Analysts in the meantime responded by saying the S&P rating was largely irrelevant and the stock was still a “buy’’.
Later in the month however, SingPost announced that three top executives had been fired with immediate effect, leading to a plunge in its share price. The three have disputed the reasons the company gave for their dismissal.
Meanwhile, PEP has stated the deal is till on track but many questions remain and the saga looks set to extend into 2025.
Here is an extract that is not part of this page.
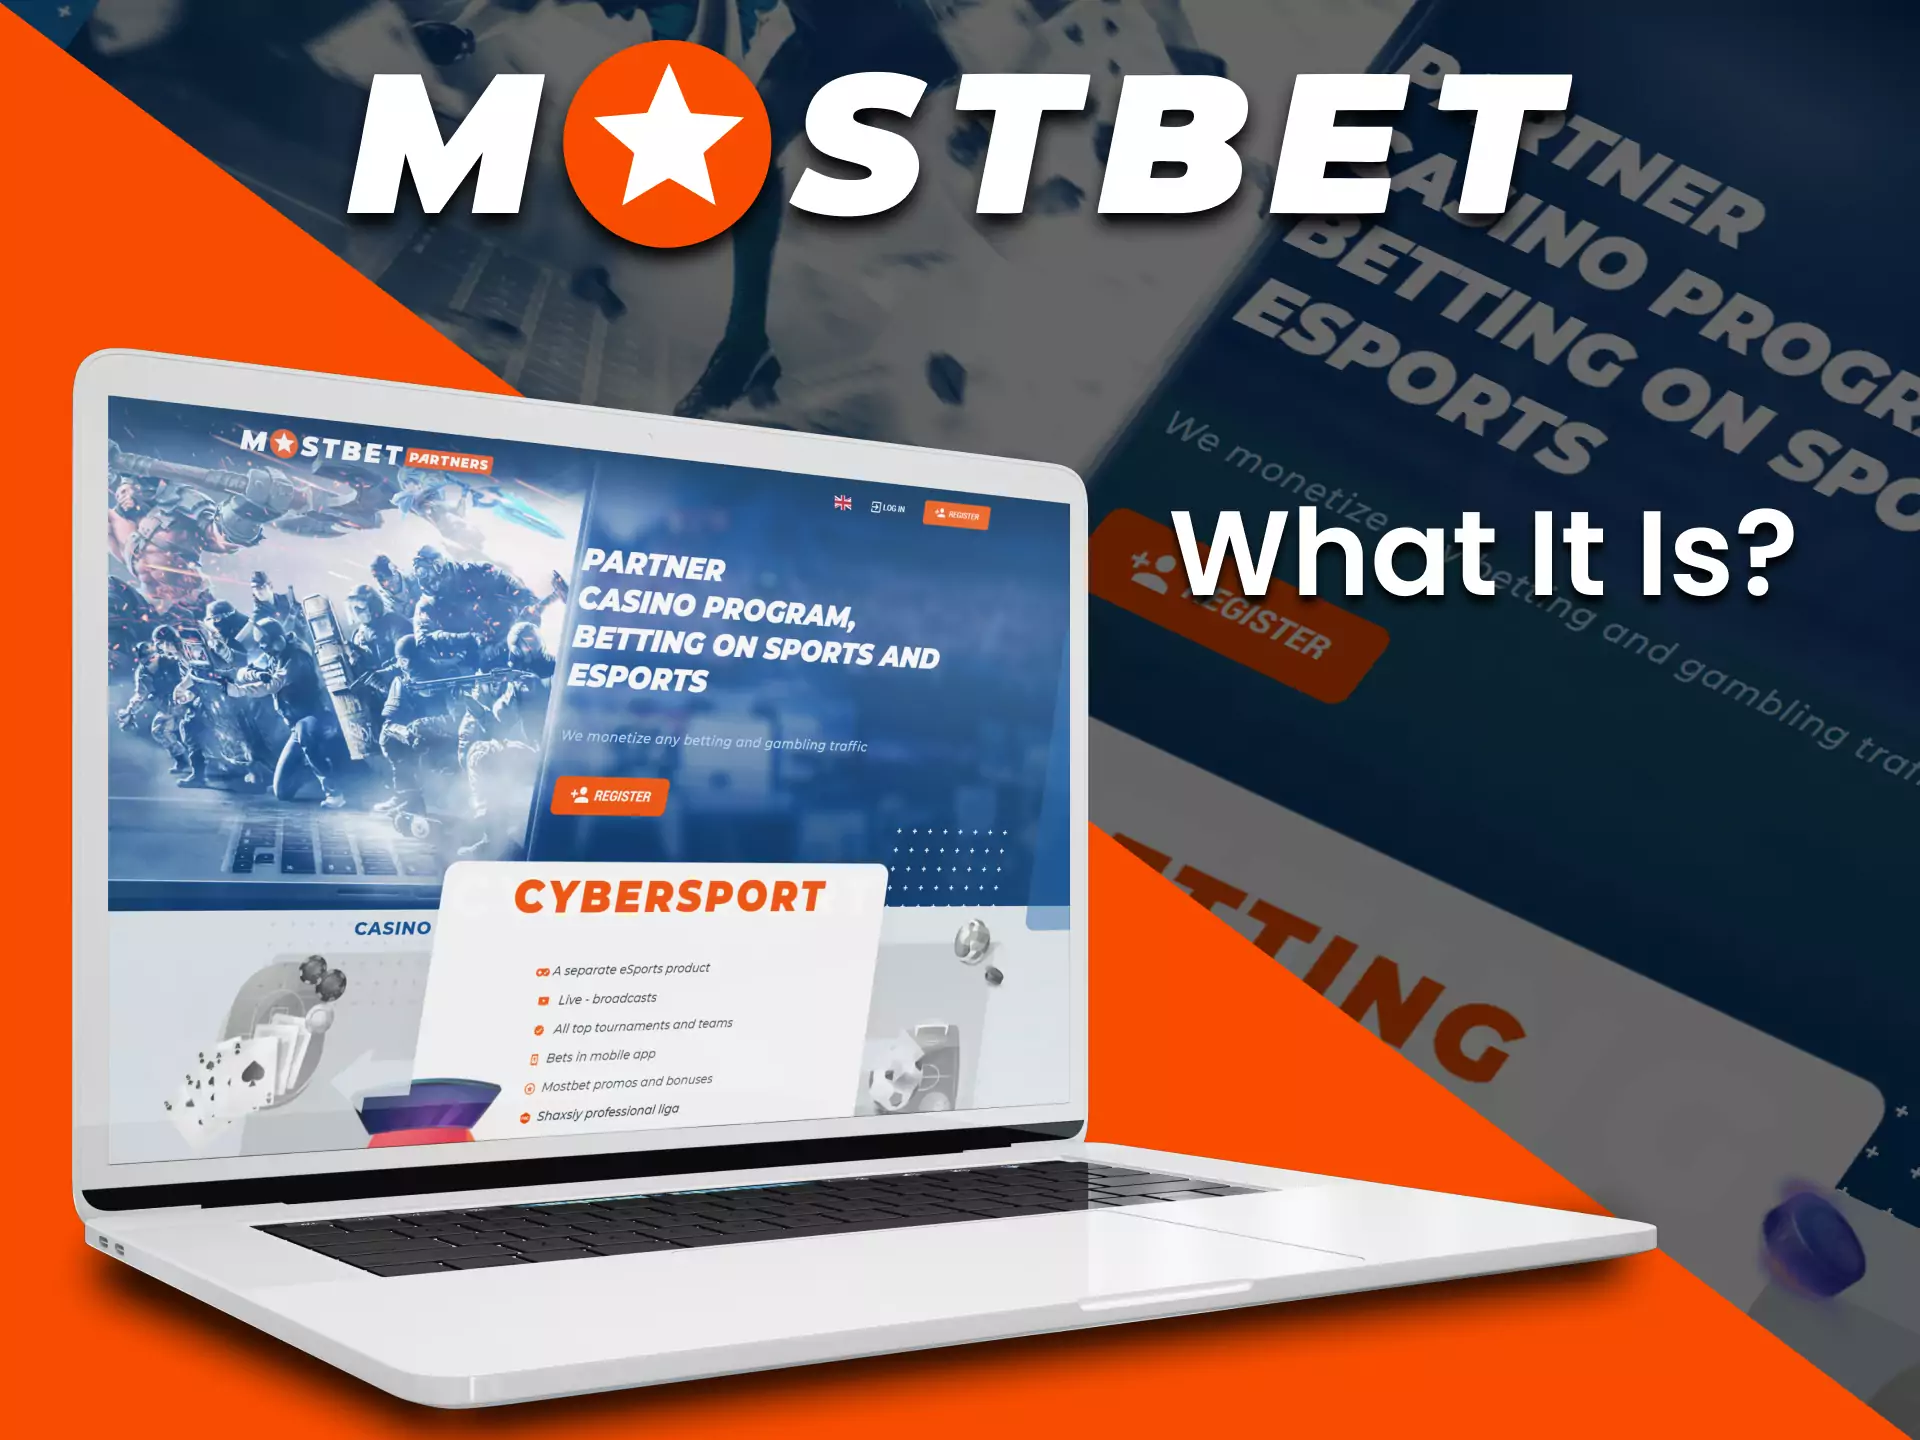 15 No Cost Ways To Get More With Mostbet review

S-Reits’ secondary fundraising rebounds in 2024; more may tap capital markets next year: SGX Research
As of Dec 13, at least six S-REITs have announced equity fund raising (EFR) exercises this year, raising over S$2.8 billion, including S$1.6 billion from private placements and S$1.1 billion from preferential offerings, said SGX Research in a 16 Dec Update.
This has exceeded the nearly S$1.9 billion in secondary fundraising by S-REITs in 2023, where activity was relatively muted amid the high-interest rate environment.
“DBS Group Research analysts said in a note this month that the S-REITs sector has seen a revival of acquisition deals. They predict that more S-REITs would tap the capital markets to fund acquisitions going into 2025, especially counters in the industrial and data-centre space, which are trading close to book value’’ noted SGX Research.